» Work required
Your task is to restate the data word for word.
[Opening Data under study section]
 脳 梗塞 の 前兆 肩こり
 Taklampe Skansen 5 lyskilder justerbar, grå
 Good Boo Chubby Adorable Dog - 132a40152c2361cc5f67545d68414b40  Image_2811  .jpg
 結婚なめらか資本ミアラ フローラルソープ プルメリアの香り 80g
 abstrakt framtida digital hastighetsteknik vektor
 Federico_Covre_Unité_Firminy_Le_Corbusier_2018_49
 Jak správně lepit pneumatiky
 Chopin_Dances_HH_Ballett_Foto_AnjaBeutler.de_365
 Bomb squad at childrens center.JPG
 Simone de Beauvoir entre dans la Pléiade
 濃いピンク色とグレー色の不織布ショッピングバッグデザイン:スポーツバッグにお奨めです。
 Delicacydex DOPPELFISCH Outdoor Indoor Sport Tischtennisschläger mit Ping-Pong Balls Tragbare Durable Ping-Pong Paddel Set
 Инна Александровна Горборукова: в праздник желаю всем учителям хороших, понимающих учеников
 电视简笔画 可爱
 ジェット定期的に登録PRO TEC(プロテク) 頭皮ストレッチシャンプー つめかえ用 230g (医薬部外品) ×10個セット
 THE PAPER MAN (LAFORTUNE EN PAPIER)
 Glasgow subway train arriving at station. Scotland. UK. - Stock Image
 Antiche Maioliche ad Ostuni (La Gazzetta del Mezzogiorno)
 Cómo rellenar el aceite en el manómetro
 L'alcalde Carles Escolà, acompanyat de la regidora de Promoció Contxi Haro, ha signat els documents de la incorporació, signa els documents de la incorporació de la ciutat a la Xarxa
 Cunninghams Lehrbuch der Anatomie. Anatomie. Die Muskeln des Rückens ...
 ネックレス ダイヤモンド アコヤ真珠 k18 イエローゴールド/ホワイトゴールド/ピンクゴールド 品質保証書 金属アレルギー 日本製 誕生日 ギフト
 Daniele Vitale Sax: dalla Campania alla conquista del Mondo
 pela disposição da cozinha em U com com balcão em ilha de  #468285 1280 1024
[Closing Data under study section]
» Answer for this exercise
 脳 梗塞 の 前兆 肩こり
 Taklampe Skansen 5 lyskilder justerbar, grå
 Good Boo Chubby Adorable Dog - 132a40152c2361cc5f67545d68414b40  Image_2811  .jpg
 結婚なめらか資本ミアラ フローラルソープ プルメリアの香り 80g
 abstrakt framtida digital hastighetsteknik vektor
 Federico_Covre_Unité_Firminy_Le_Corbusier_2018_49
 Jak správně lepit pneumatiky
 Chopin_Dances_HH_Ballett_Foto_AnjaBeutler.de_365
 Bomb squad at childrens center.JPG
 Simone de Beauvoir entre dans la Pléiade
 濃いピンク色とグレー色の不織布ショッピングバッグデザイン:スポーツバッグにお奨めです。
 Delicacydex DOPPELFISCH Outdoor Indoor Sport Tischtennisschläger mit Ping-Pong Balls Tragbare Durable Ping-Pong Paddel Set
 Инна Александровна Горборукова: в праздник желаю всем учителям хороших, понимающих учеников
 电视简笔画 可爱
 ジェット定期的に登録PRO TEC(プロテク) 頭皮ストレッチシャンプー つめかえ用 230g (医薬部外品) ×10個セット
 THE PAPER MAN (LAFORTUNE EN PAPIER)
 Glasgow subway train arriving at station. Scotland. UK. - Stock Image
 Antiche Maioliche ad Ostuni (La Gazzetta del Mezzogiorno)
 Cómo rellenar el aceite en el manómetro
 L'alcalde Carles Escolà, acompanyat de la regidora de Promoció Contxi Haro, ha signat els documents de la incorporació, signa els documents de la incorporació de la ciutat a la Xarxa
 Cunninghams Lehrbuch der Anatomie. Anatomie. Die Muskeln des Rückens ...
 ネックレス ダイヤモンド アコヤ真珠 k18 イエローゴールド/ホワイトゴールド/ピンクゴールド 品質保証書 金属アレルギー 日本製 誕生日 ギフト
 Daniele Vitale Sax: dalla Campania alla conquista del Mondo
 pela disposição da cozinha em U com com balcão em ilha de  #468285 1280 1024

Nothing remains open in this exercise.